O TCE-MG (Tribunal de Contas do Estado de Minas Gerais) determinou a suspensão da licitação conduzida pela Copasa (Companhia de Saneamento de Minas Gerais) destinada à implantação e operação da ETE (Estação de Tratamento de Esgoto) do Ribeirão do Onça, na Grande Belo Horizonte, considerada o certame mais aguardado do ano para o setor de saneamento. A decisão foi motivada por denúncias sobre possíveis irregularidades no processo licitatório.
A suspensão, datada de 16 de abril, não interrompe os estudos para a desestatização da companhia, mas impede a realização de atos irreversíveis — ou seja, paralisa efetivamente o processo de venda. Os documentos do processo chegaram a ser publicados após essa data, o que gerou dúvidas sobre o alcance real da decisão.
Problemas identificados no processo
Maurício Portugal explicou que a decisão do TCE-MG se apoia em dois relatórios técnicos que permanecem sob sigilo. Apesar disso, os problemas apontados nesses relatórios teriam vazado em grupos ligados ao setor de infraestrutura.
Portugal afirmou ter verificado a existência dessas irregularidades de forma independente. “A gente não tem certeza que eles estão no relatório, mas os problemas existem. Eu analisei e eles existem”, declarou.
Entre os pontos críticos identificados, Portugal destacou a exclusão das áreas irregulares — como favelas — das metas de universalização do saneamento. Segundo ele, em outros processos de desestatização, como o da Cedae no Rio de Janeiro, foram criadas verbas específicas para investimentos nessas localidades.
“Lá na Cedae se criou uma verba específica que tem que ser investida ano a ano nas favelas”, afirmou. No caso da Copasa, “não tem nada semelhante”.
Contratos com municípios e impacto nas tarifas
Outro problema apontado é que os contratos com a grande maioria dos municípios atendidos pela Copasa ainda não foram firmados. O único contrato conhecido é o de Belo Horizonte, que representa cerca de 30% da receita da companhia.

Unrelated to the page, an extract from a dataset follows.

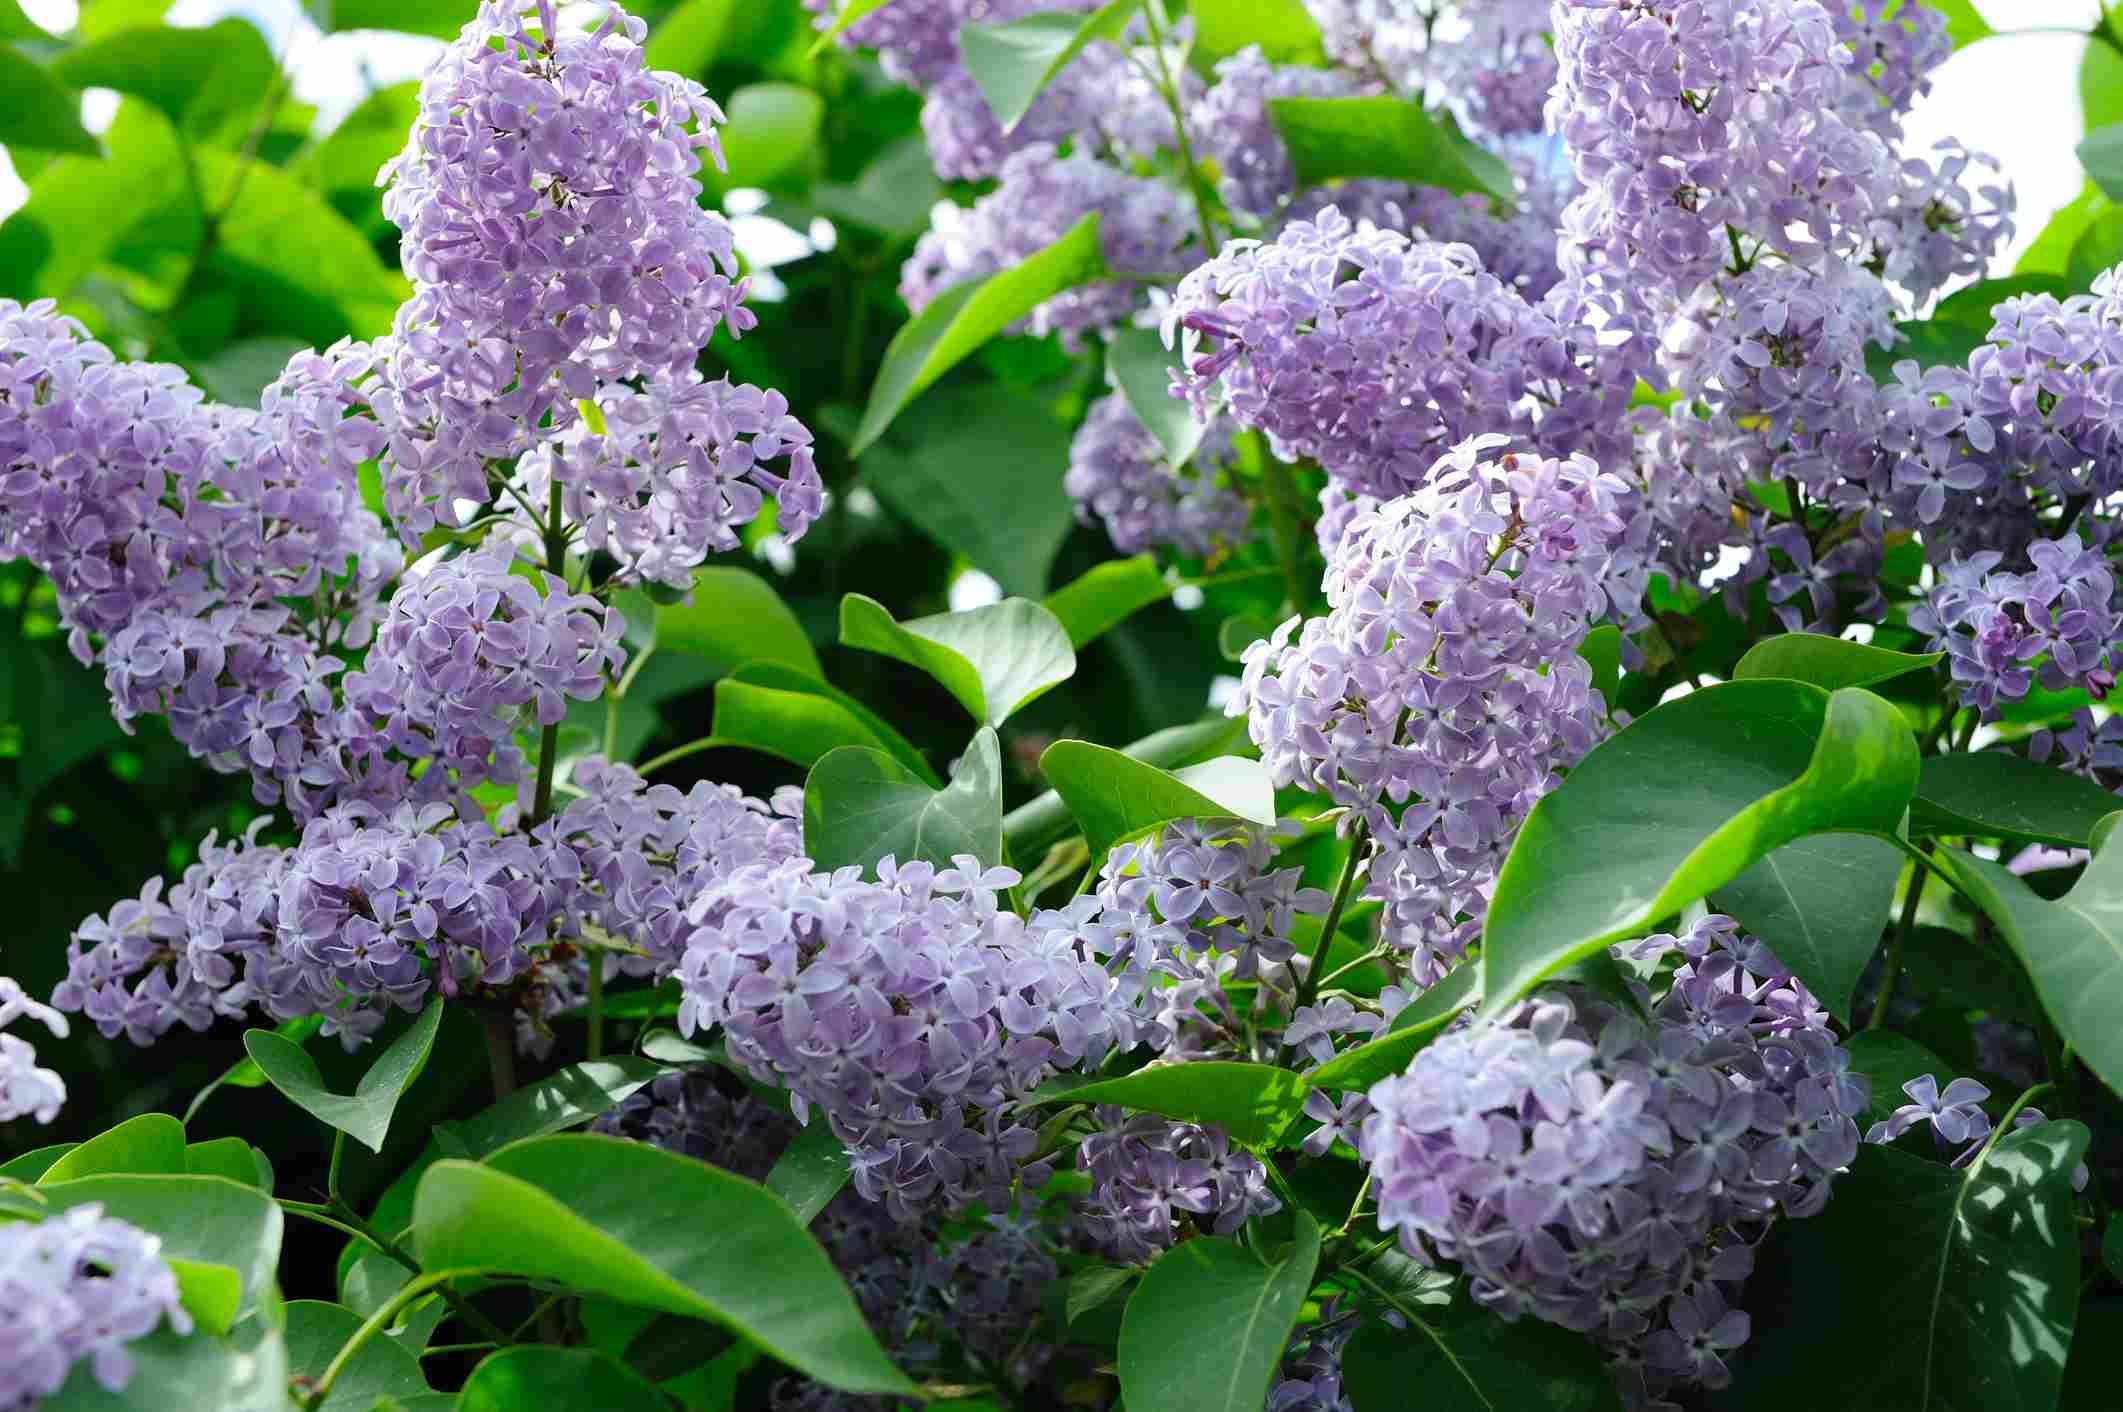 arbusto de lila que florece con flores de color lila .

Além disso, o modelo contratual em discussão prevê que o valor pago a título de outorga aos municípios seja repassado diretamente ao usuário por meio de aumento tarifário. “O modelo de Belo Horizonte já assinado diz expressamente que o valor que foi pago ao município de Belo Horizonte vai aumentar a tarifa ao usuário”, explicou Portugal, acrescentando que não há nenhum mecanismo de amortecimento desse reajuste, ao contrário do que ocorre em São Paulo.

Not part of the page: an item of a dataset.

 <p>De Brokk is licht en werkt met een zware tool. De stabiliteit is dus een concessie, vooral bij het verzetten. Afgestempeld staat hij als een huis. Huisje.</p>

Portugal também apontou fragilidades nas obrigações de investimento previstas nos contratos. Segundo ele, há uma cláusula que permite à Copasa desistir de investimentos sem a necessidade de apresentar relatórios de evolução das obras a verificadores independentes. Isso, na sua avaliação, cria uma espécie de imunidade que pode comprometer o atingimento das metas de universalização. “O problema é que o desenho dessa relativização das obrigações de investimento neste contrato dá a impressão que vai relativizar também o atingimento das metas”, afirmou.
Avaliação geral: problemas e avanços
Apesar das críticas, Portugal reconheceu aspectos positivos no processo. Um deles é a permissão para que empresas com fundos de investimento e bancos entre seus controladores participem do leilão — restrição que havia sido adotada no processo da Sabesp e que, segundo ele, foi inadequada. “Não tem só problemas, tem também pequenas evoluções”, ponderou.
Ainda assim, Portugal concluiu que, se as razões divulgadas de fato constam nos relatórios sigilosos, a suspensão pelo TCE-MG é justificada. “O TCE tem razão de parar, precisa reestruturar, fazer um processo bem feito”, avaliou, citando o processo da Sabesp como referência. Para ele, os problemas relacionados à proteção do usuário e ao modelo regulatório precisam ser resolvidos antes que a desestatização avance.
Em nota, a Copasa afirmou que “recebe com naturalidade e respeito” a decisão cautelar e que encara o procedimento “como uma etapa legítima de fiscalização, comum em projetos de grande magnitude”.
Ainda segundo a companhia, “a suspensão é temporária e visa permitir uma análise técnica aprofundada por parte do TCEMG”.
“A companhia apresentará todos os esclarecimentos e documentos necessários para comprovar a segurança jurídica, econômica e técnica do certame, fundamentado no modelo de contratação integrada (TOTEX) e em soluções de inovação tecnológica. A empresa reitera que não há, neste momento, risco de interrupção dos serviços de saneamento já prestados e que o objetivo central deste investimento de cerca de R$ 1 bilhão é justamente expandir a capacidade operacional e garantir a eficiência do sistema para as próximas décadas. A Copasa permanece à disposição do Tribunal e reafirma seu compromisso com a transparência e com a entrega de melhorias essenciais à saúde pública e ao meio ambiente”, finaliza a nota.